Arnon Milchan (produtor do filme):

"Caminhando sem parar, eu vi, no terraço principal de Cannes, um rosto inconfundível. 'Ai, meu Deus! Este é Sérgio Leone!' Eu não sabia, na época, que ele estava sentado naquele terraço havia 11 anos esperando alguém se aproximar, se apresentar e dizer: 'Posso assinar o cheque para financiar o seu filme e produzi-lo?'."



Stuart Kaminsky (roteirista):
- Trabalhou em cima da adaptação para cinema que já havia sido feita pelo time de roteiristas... está creditado como "diálogos adicionais"

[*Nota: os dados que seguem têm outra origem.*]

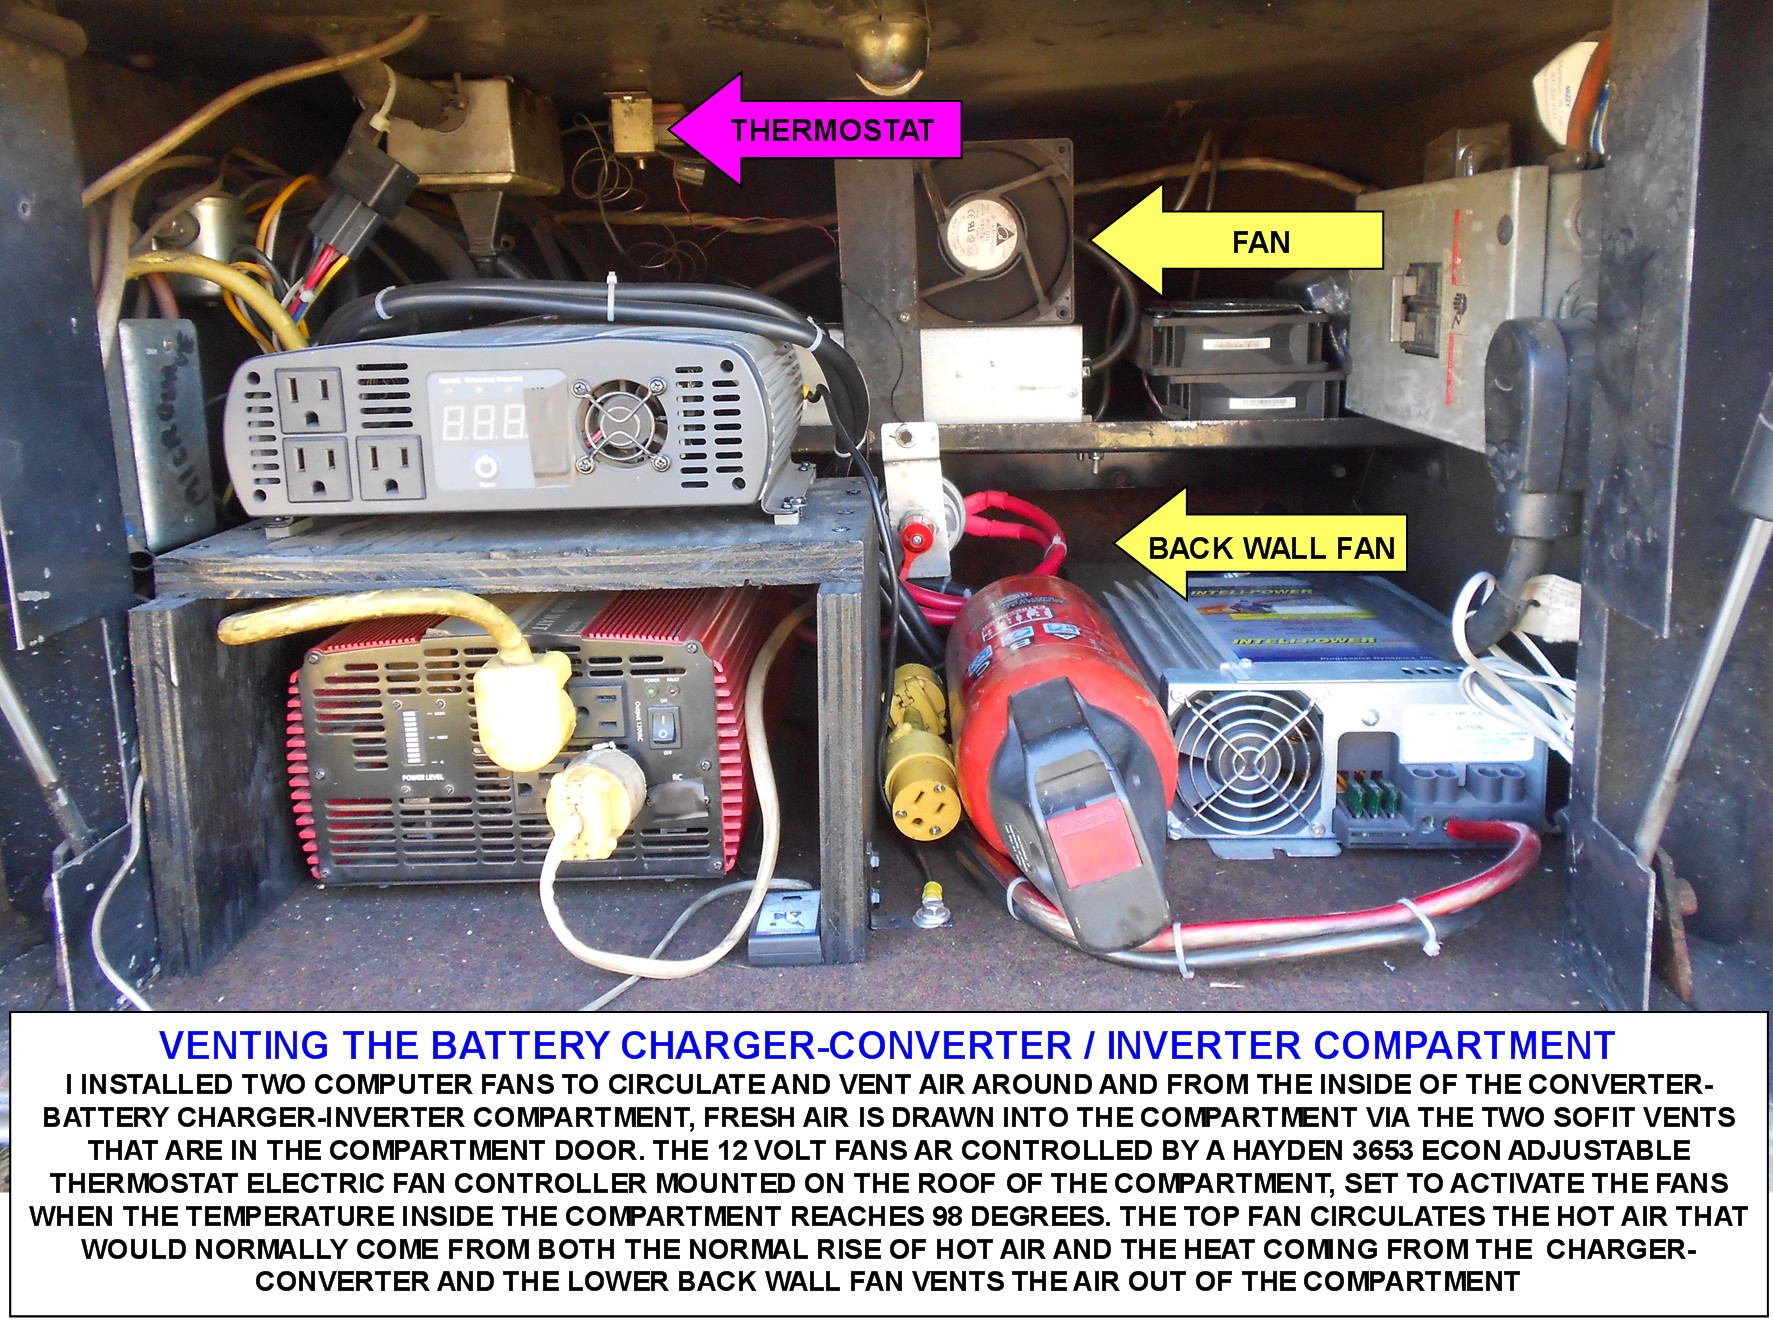 CHARGER INVERTER COMPARTMENT FANS

"Ele [Sérgio Leone] leu todo o roteiro comigo lá. 400 páginas. Rindo sem parar! Ele olhou para mim e disse, pondo o roteiro de lado: 'É muito engraçado! Não quero que seja engraçado.' E eu comecei a escrever de novo."

"Eu me lembro especificamente de uma página em que Noodles [protagonista], personagem de Robert de Niro, encontra Tuesday Weld [cuja personagem é Carol] num hospital.
Ele olhou o roteiro e disse:
-Preciso de mais 10 palavras.
E apontou para uma fala de Tuesday Weld. Eu disse:
- Não está bom assim?.
E ele:
- Está. Preciso de mais 10 palavras.
Perguntei:
- Por quê?
E ele:
- Ela vai andar daqui até lá e eu quero que ela fale durante o caminho todo.
Ele já sabia como seria o set, que distância ela andaria, sabia onde a câmera ficaria, antes mesmo de o set ser construído, de qualquer coisa ser feita. E que precisava de mais 10 palavras para Tuesday Weld atravessar o local."



James Wood (co-estrela do filme, ao lado de Robert de Niro):
- Sobre a visão do diretor e persistência de conseguir fazer como queria.

"Uma vez estávamos fazendo uma cena em que Robert de Niro saía da prisão e eu devia encontrá-lo. Sergio estava numa grua enorme. Estávamos no Brooklyn, no meio da rua, e Sérgio viu que ía chover. Ficou esperando na grua porque ía fazer uma panorâmica da rua e aproximar a câmera de nós dois e queria que chovesse no meio da tomada. Ele estava tentando programar a tomada para isso. Não dava para ter máquina de chuva por causa da panorâmica do início [a máquina apareceria]. Eu pensei: 'Só Sergio Leone esperaria Deus fazer chover no meio da tomada e confiaria que, quando ele dissesse 'Ação!' Deus esperaria para fazer as nuvens se abrirem. Para minha surpresa - ou melhor, admiração - fizemos a tomada e começou a chover no meio dela, claro!"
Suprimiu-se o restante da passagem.